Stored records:
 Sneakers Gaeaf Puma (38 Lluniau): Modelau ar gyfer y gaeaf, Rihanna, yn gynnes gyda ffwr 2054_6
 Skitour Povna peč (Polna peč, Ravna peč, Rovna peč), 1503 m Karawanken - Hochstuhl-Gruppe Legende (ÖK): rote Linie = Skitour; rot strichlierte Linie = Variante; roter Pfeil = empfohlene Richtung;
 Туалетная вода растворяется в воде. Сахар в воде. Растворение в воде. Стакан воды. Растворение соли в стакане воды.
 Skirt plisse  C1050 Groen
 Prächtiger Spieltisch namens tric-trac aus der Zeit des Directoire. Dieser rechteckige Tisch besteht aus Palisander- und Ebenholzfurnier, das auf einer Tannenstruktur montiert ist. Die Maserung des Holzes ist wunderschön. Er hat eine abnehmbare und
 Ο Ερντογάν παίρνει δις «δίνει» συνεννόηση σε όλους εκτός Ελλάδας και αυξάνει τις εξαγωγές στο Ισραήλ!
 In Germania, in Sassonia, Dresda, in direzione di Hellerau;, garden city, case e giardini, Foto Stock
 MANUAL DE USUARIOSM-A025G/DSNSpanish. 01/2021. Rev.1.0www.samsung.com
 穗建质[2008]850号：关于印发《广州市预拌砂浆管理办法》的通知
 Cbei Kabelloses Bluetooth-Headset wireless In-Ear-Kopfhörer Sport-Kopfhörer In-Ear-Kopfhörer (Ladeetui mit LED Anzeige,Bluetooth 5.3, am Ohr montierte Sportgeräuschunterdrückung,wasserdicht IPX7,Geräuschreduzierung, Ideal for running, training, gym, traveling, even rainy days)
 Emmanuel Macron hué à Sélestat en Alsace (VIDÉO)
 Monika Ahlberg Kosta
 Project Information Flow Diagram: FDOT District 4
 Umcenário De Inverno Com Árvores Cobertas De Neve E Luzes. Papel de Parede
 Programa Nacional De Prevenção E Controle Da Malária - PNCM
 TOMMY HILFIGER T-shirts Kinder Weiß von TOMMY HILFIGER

YOUR TASK:
The line containing "Umcenário De Inverno" and every line after it, through the end of the records above: output exactly those, and nothing else.

TASK OUTPUT:
 Umcenário De Inverno Com Árvores Cobertas De Neve E Luzes. Papel de Parede
 Programa Nacional De Prevenção E Controle Da Malária - PNCM
 TOMMY HILFIGER T-shirts Kinder Weiß von TOMMY HILFIGER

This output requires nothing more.